While the Article repudiates the Roman Church’s practice in adding new dogmas to the ancient Faith, by asserting the Church’s judicial authority, it repudiates also the ultra‑Protestant view that the Holy Spirit in the individual is the sole interpreter of Scripture (a doctrine which has produced innumerable Protestant sects).  Article VI limits the Faith to ‘whatsoever’ is ‘read therein’ or ‘proved thereby’, but it does not state who is to decide what is proveable by appeal to Scripture.  Article XX is therefore supplementary to VI, for it in fact declares that when a dispute arises as to the correct interpretation of Scripture, the Church has authority to decide the issue.  The exercise of private judgement is also controlled by Article XXXIV.  In interpreting Scripture we follow the traditional Catholic practice of interpreting difficult passages as they have usually been interpreted by the Church.  ‘Let the Scripture, therefore, as sensed by the Primitive Church, and not by the private judgement of any particular man, be allowed and agreed by us to be the Rule of our Faith; and let that be accounted the true Church, whose Faith and Doctrine is most conformable and agreeable with the Primitive’.[6]

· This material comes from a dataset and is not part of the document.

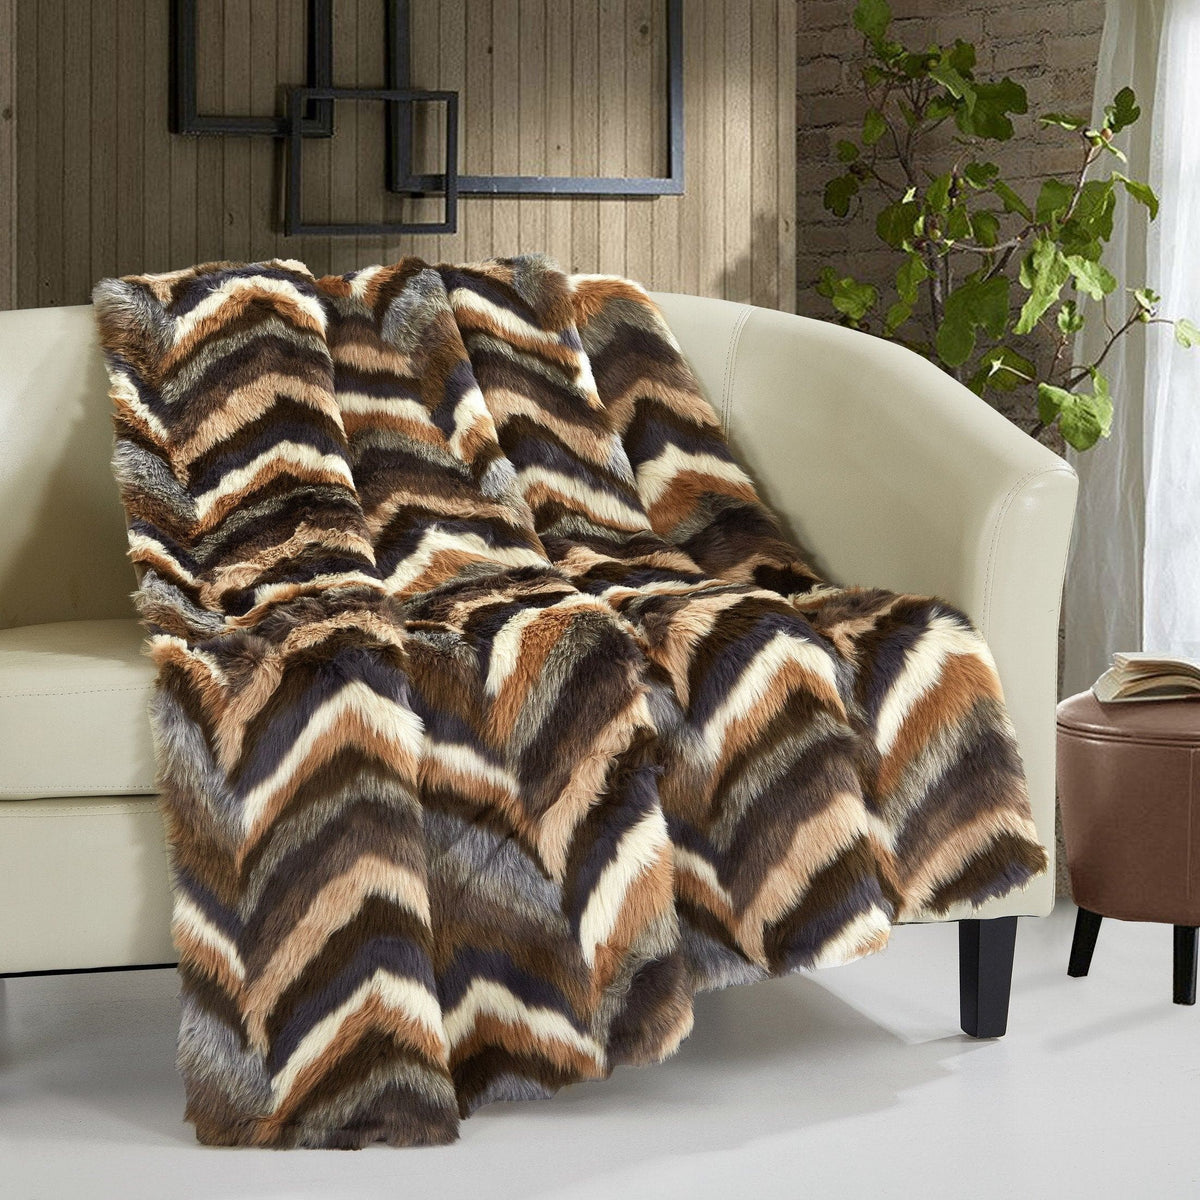 Chic Home Orna Throw Blanket Striped Chevron Shaggy Faux Fur Design Brown

[1]At first the selection was made by the Bishop of each church who decided which books would be most edifying, but soon a tradition grew up as to which books were of apostolic origin and should be read.  Amongst the books which were not included in the Canon are The Gospel of Nicodemus, The Gospel of Peter, The Epistle of Barnabas, The Revelation of Peter, etc., Cf. Excluded Books of the New Testament, p. x.

[2]1 Tim. 6:20; 2 Tim. 1:13 f.; Tit. 1:9, 13, 2:1, 7; Jude 3.

[3]2 Jn. 9.

[4]Commonitorium, c.2.  The general acceptance of this principle in the early days of the Church indicates that the Church then did not claim any power or right of adding to the Faith.

[5]The Article thus denies the right of even the Church of Rome to add new dogmas to the ancient Faith, such as Transubstantiation (added 1215), Purgatory (1439), The Immaculate Conception of the Blessed Virgin Mary (1854) and her Assumption (1950) or Papal Infallibility (1870).

[6]Wm. Payne, Rector of Whitechapel (1650-1696).  Cf. further on this point, W. G. Wilson, Church Teaching, pp. 30-34.